Filter reads for several criteria

Description

This tool filters reads for several criteria such as length, low complexity, Ns and duplicates. The input data can be in FASTQ or FASTA format. Note that if you paired-end reads and you need to keep them in the matching order, you should give both files to this tool at the same time. The tool will automatically make sure that only filtered pairs are given in the output.

Details

Only those filtering methods are used for which you assign a value. You can use several filtering methods at the same time. For example filtering with parameters Maximum length: 100 and Maximum count of Ns: 1 would produce a reads set where all the reads are shorter than 101 bases and they contain less than 2 Ns. For detailed description of the different filtering conditions, please check the manual of the PRINSEQ package. From the table below, you can check what PRINSEQ command line options the parameter definitions correspond to:

Parameter name Command line Description

Max length -max_len Select only reads that are shorter than the given value.
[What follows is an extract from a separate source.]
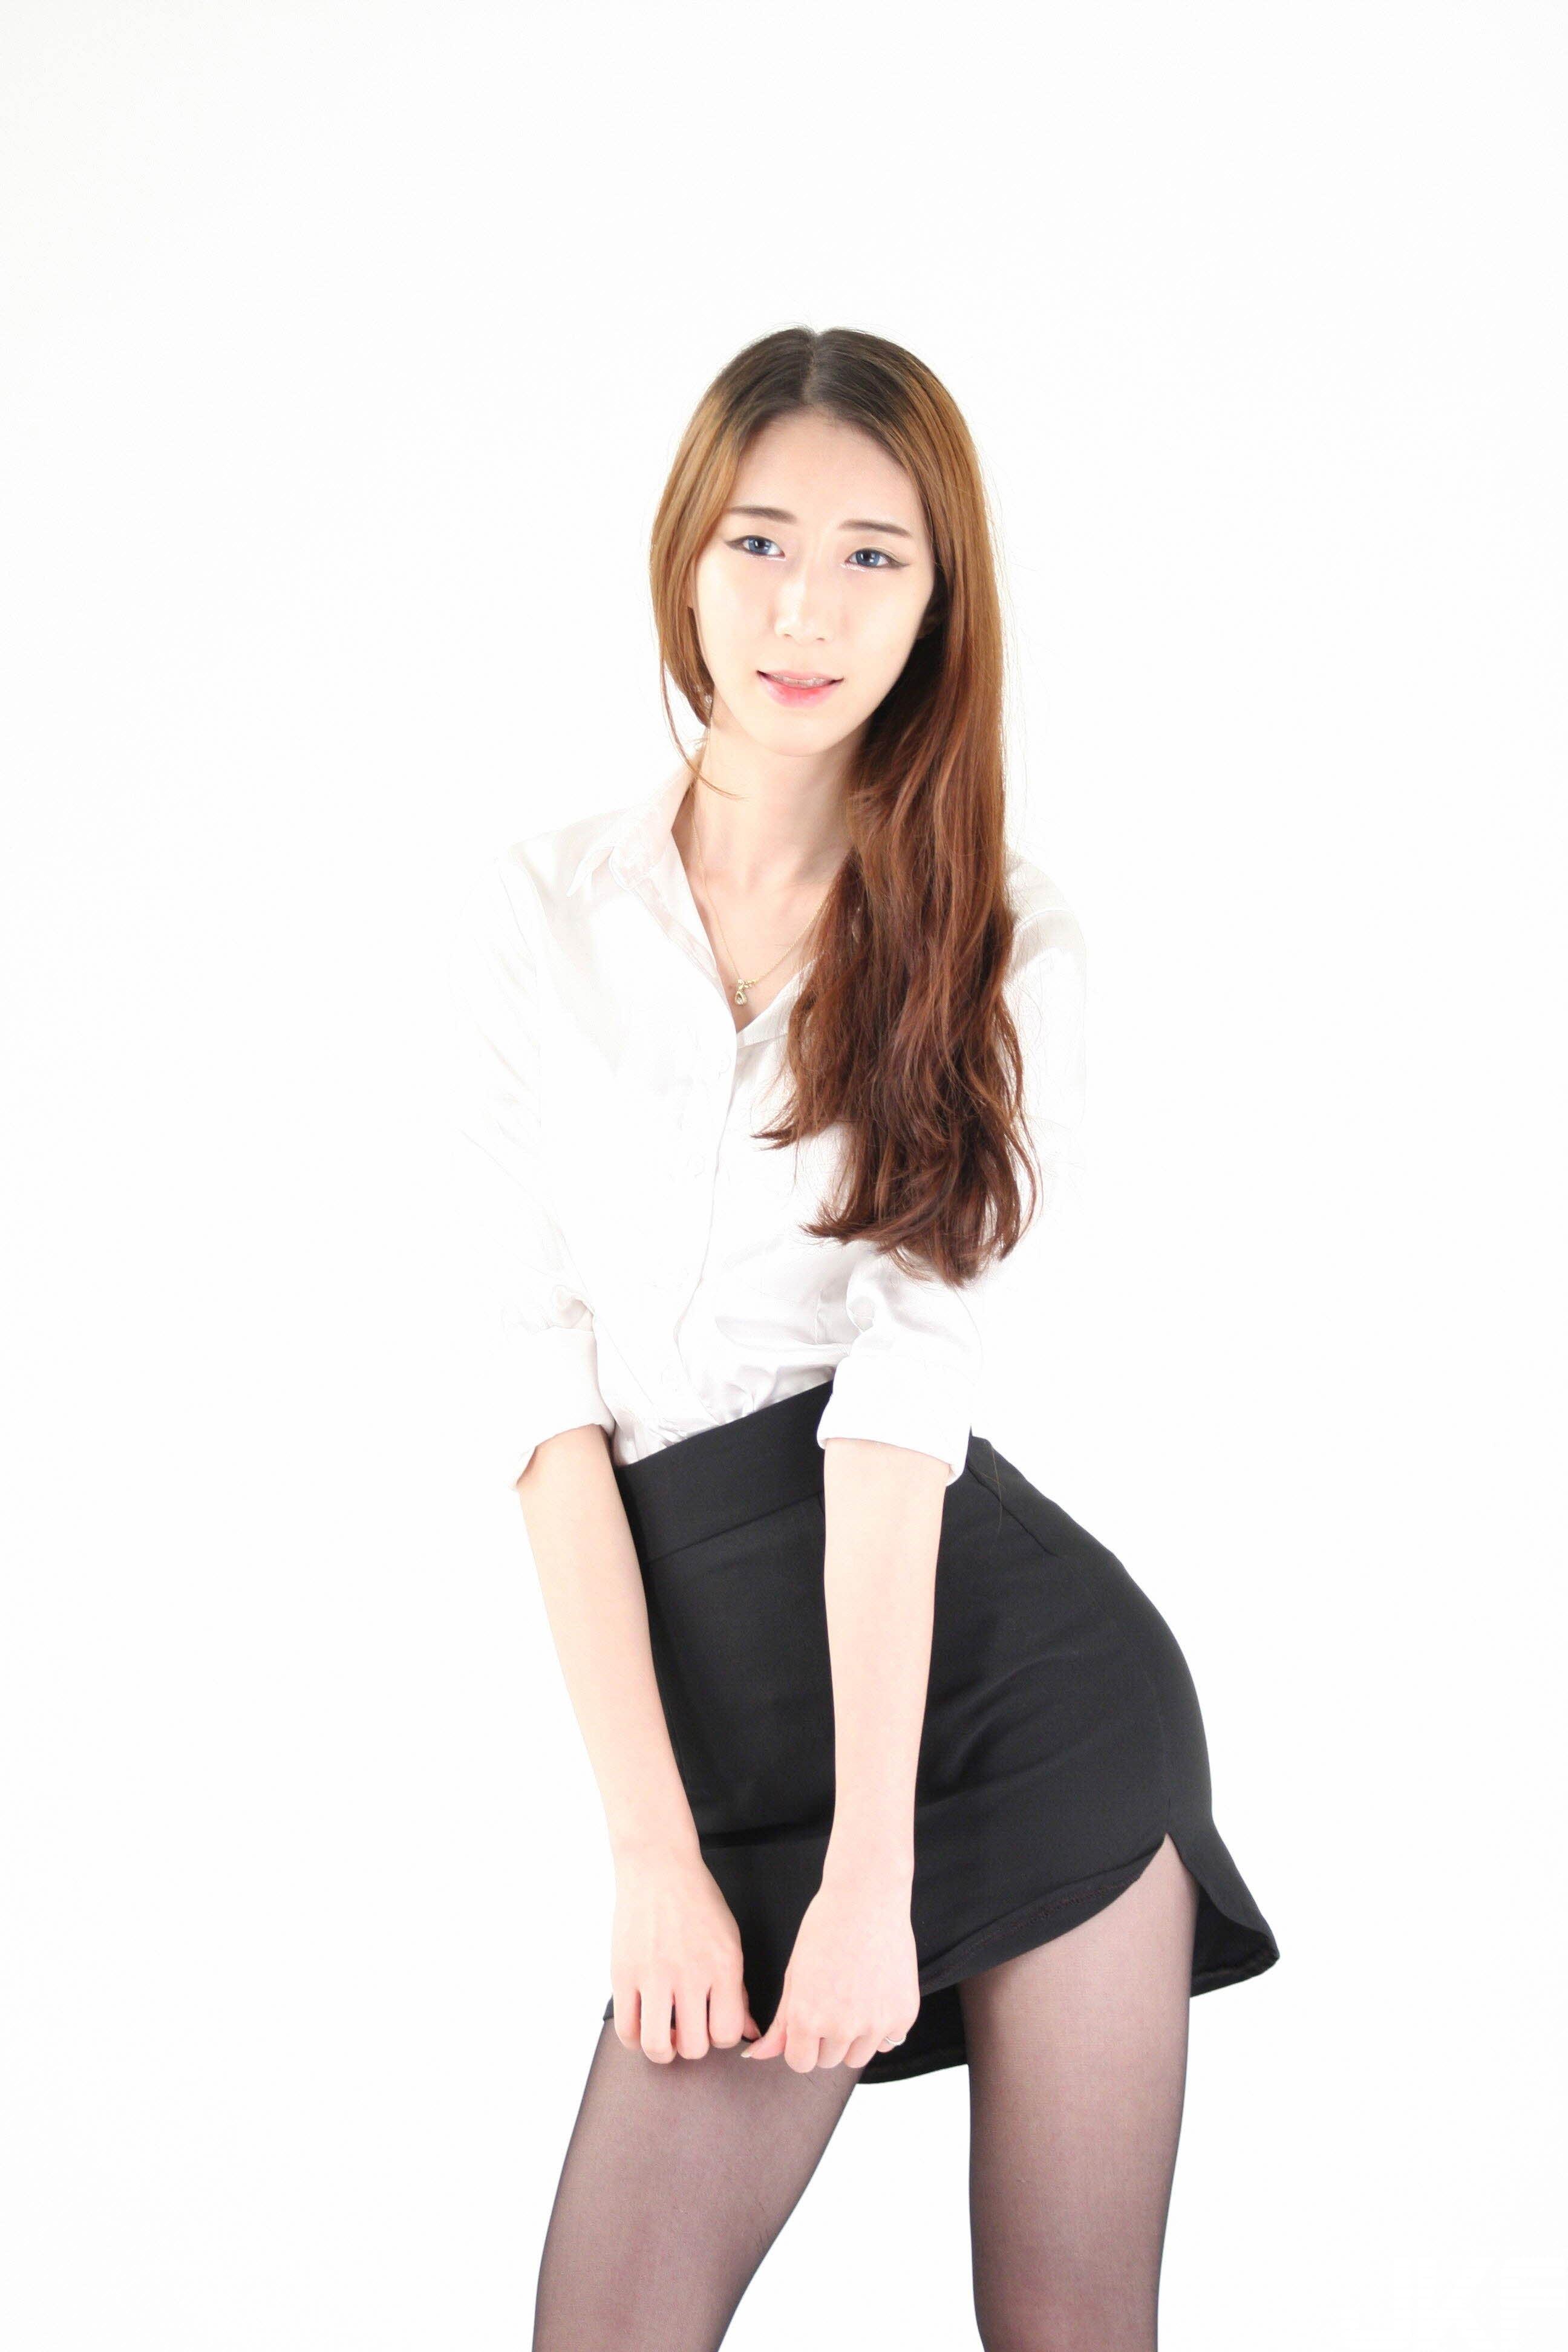 韓國芸能界模特私拍套圖 - 貼圖 - 清涼寫真 -

Min length -min_len Select only reads that are longer than the given value.

Max GC content -max_gc Select only reads that has GC content that is less than the given value.

Min GC content -min_gc Select only reads that has GC content that is more than the given value.

Min quality score -min_qual_score Filter reads with GC content below than the given value.

Max quality score -max_qual_score Filter reads with GC content above then the given value.

Min mean quality -min_qual_mean Filter reads with quality score mean below the given value.

Max mean quality -max_qual_mean Filter reads with quality score mean above the given value.

Max percentage of Ns -ns_max_p Filter reads for which the percentage of Ns is higher than the given value.

Max count of Ns -ns_max_n Filter reads for which the count of Ns is higher than the given value.

Max number of reads -seq_num Only keep the given number number of reads that pass all other filters.

Type of duplicates to filter -derep Type of duplicates to filter.

Number of allowed duplicates -derep_min This option specifies the number of allowed duplicates. For example, to remove reads that occur more than 2 times, you would specify value 3.

DUST filter threshold -lc_method dust, -lc_threshold Use DUST algorithm with the given maximum alloed low complexity score, between 0 and 100.

Entropy filter threshold -lc_method entropy, -lc_threshold Use Entropy algorithm with the given minimum allowedlow complexity score, between 0 and 100.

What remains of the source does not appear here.